WORK TO BE COMPLETED. Nothing but the lines from the one with "Rockbridge County Coronavirus" through the end of the listing should be reproduced, each exactly and with pictures omitted.

COLLECTED MATERIAL.
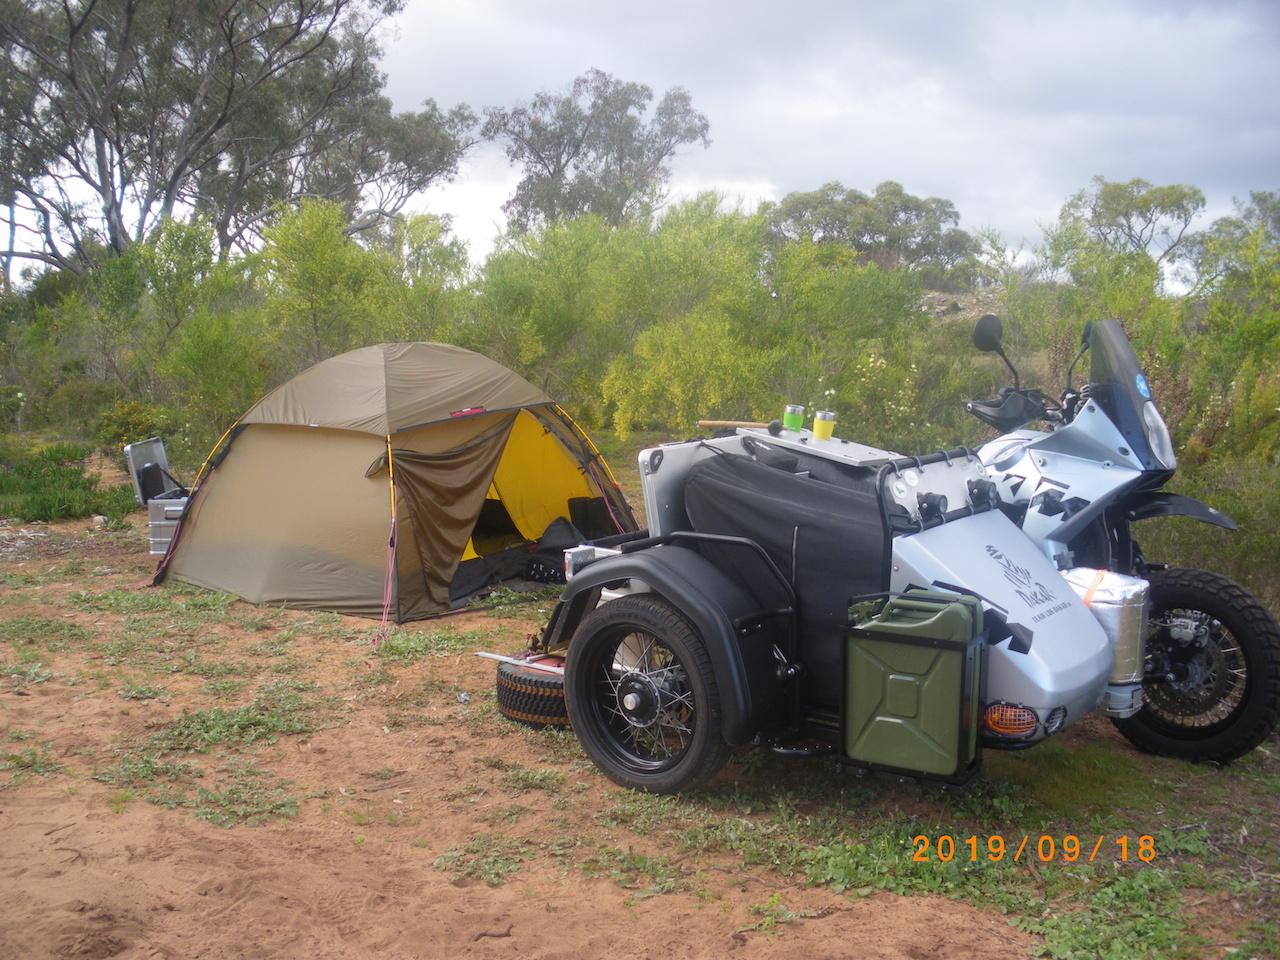 1e kamp in Woodridge 1 kopie.jpg
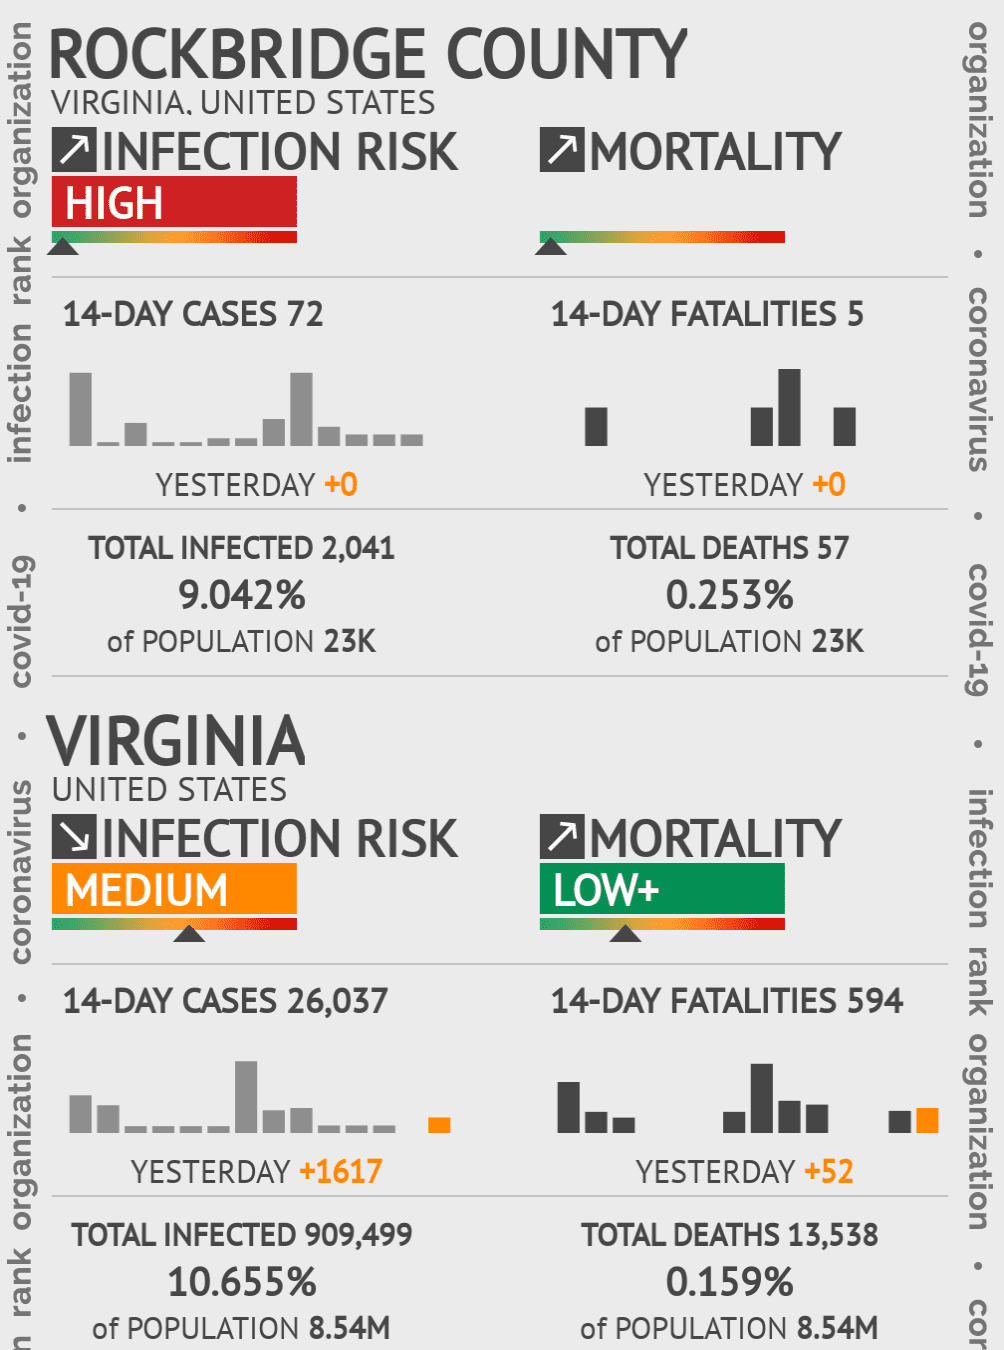 Rockbridge County Coronavirus Covid-19 Risk of Infection on July 24, 2021
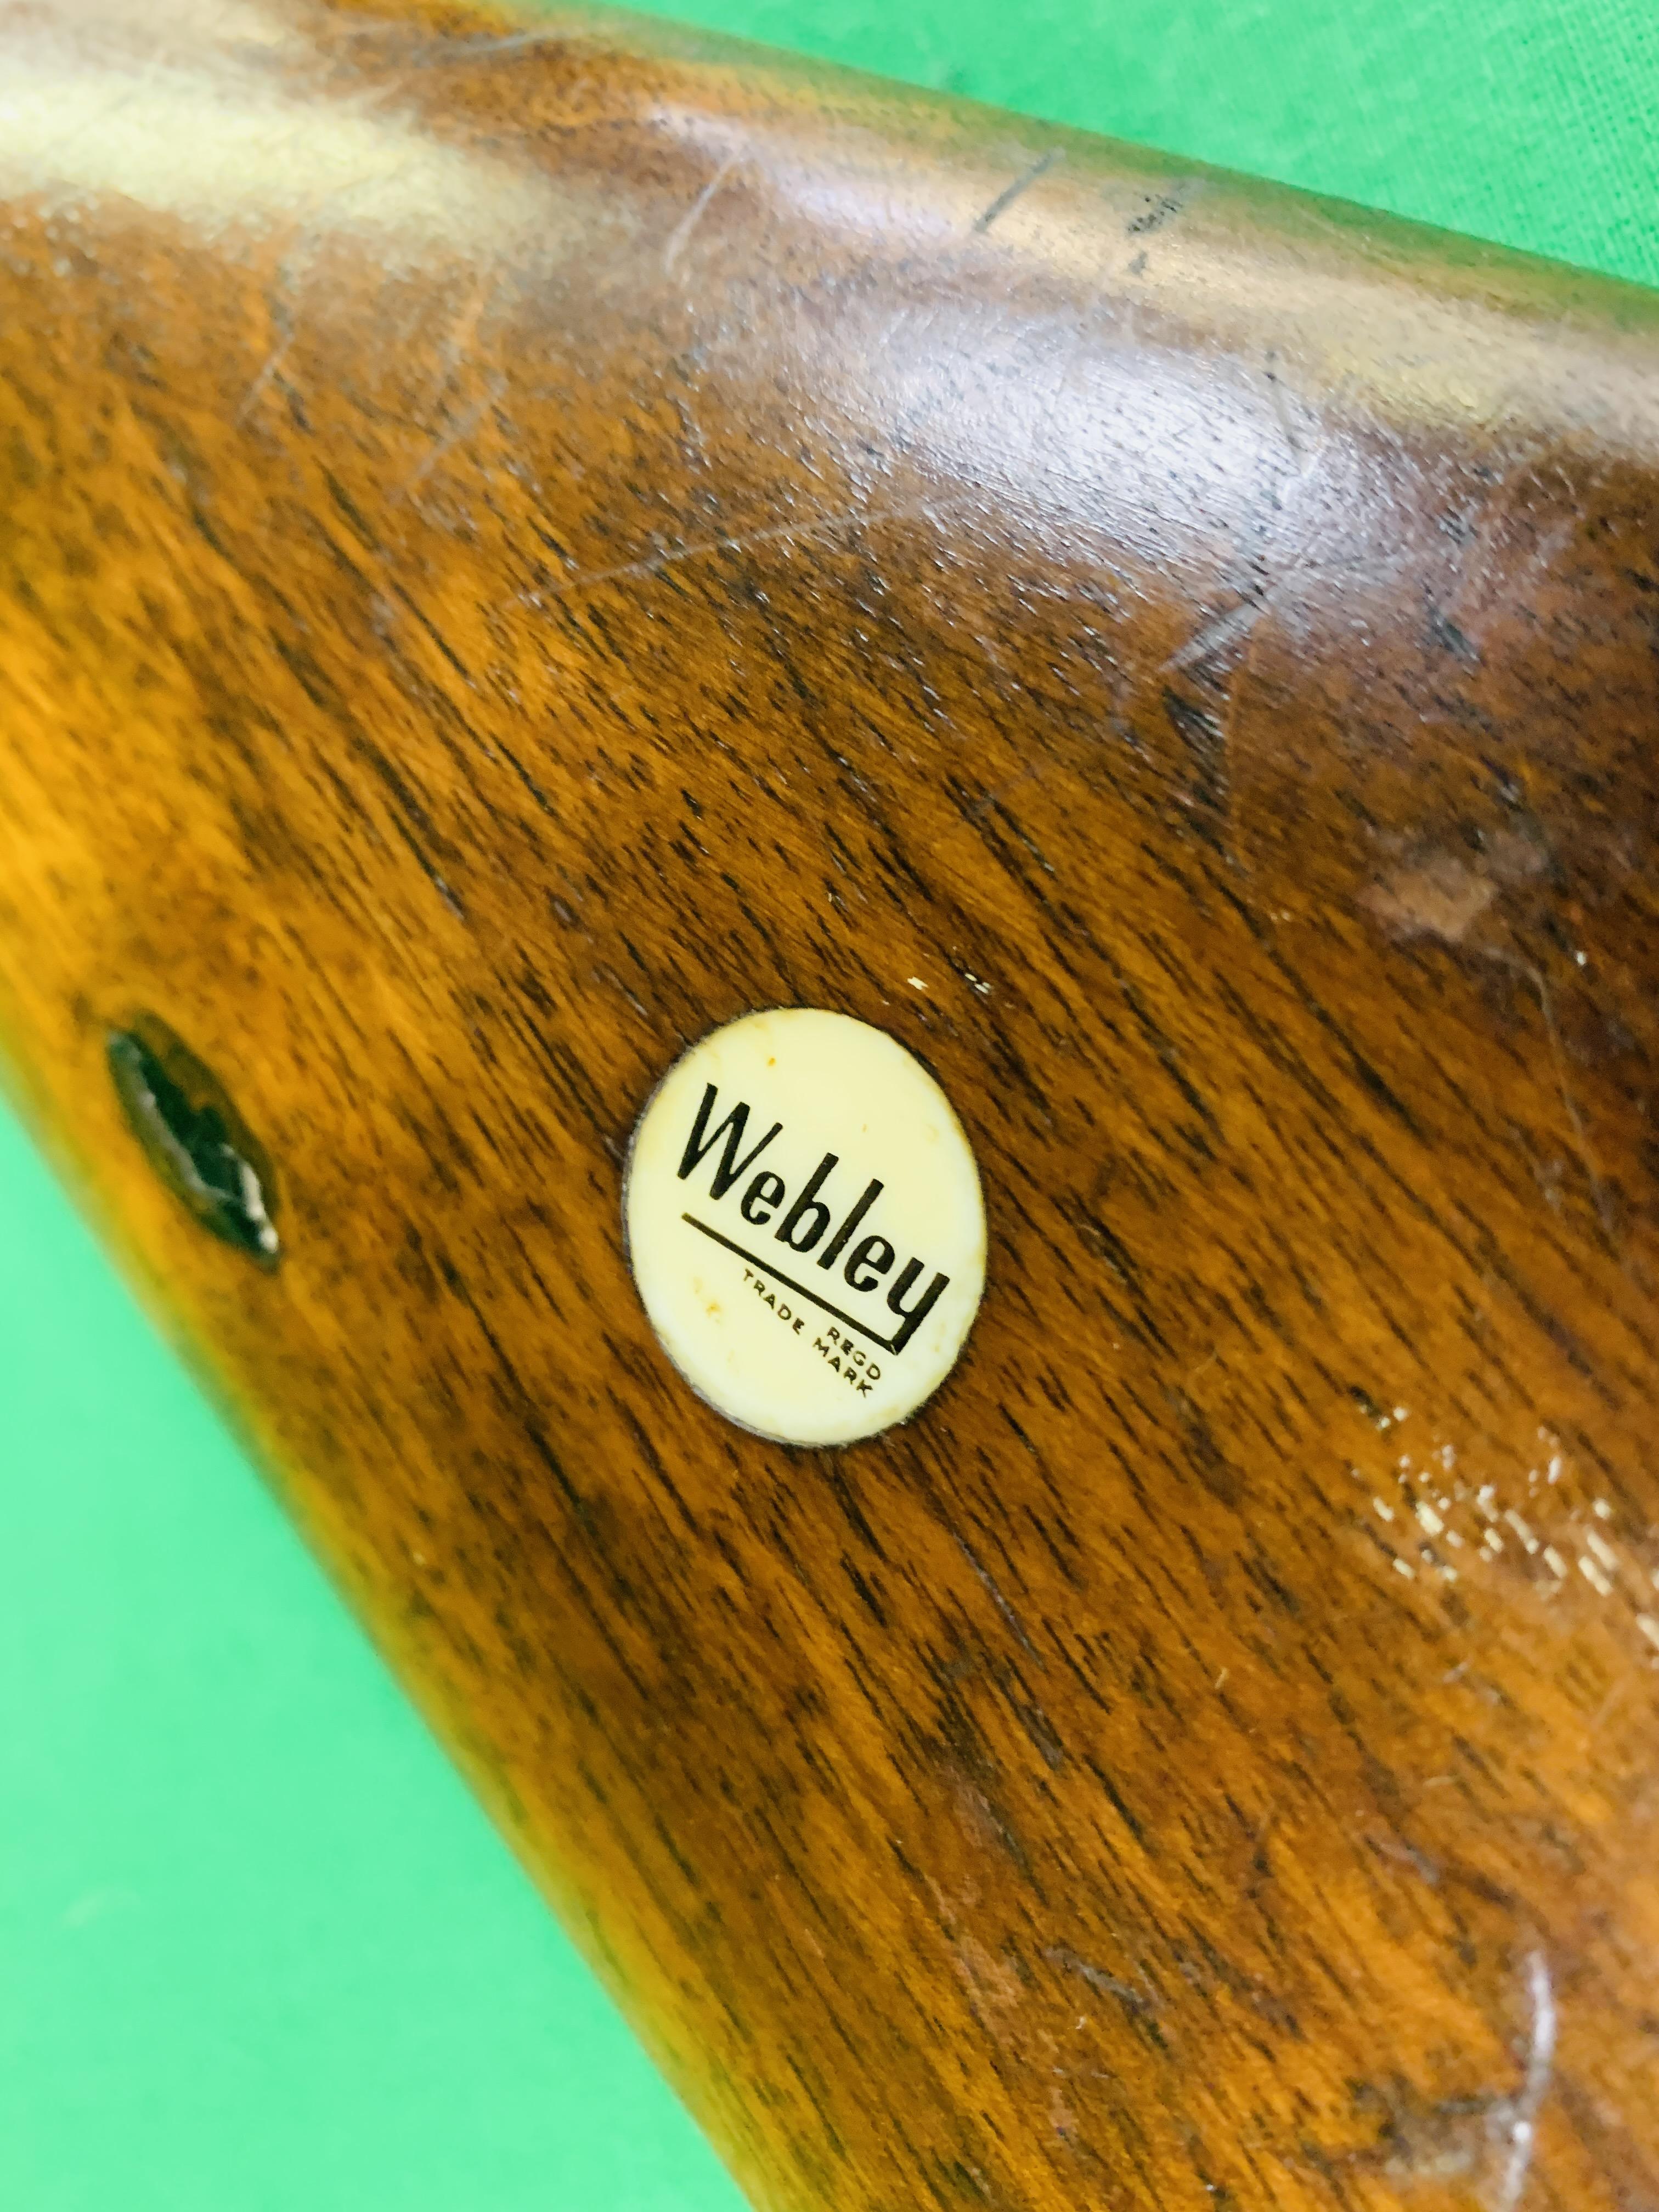 WEBLEY MARK 3 . - Image 11 of 11

EXERCISE RESULT.
 Rockbridge County Coronavirus Covid-19 Risk of Infection on July 24, 2021
 WEBLEY MARK 3 . - Image 11 of 11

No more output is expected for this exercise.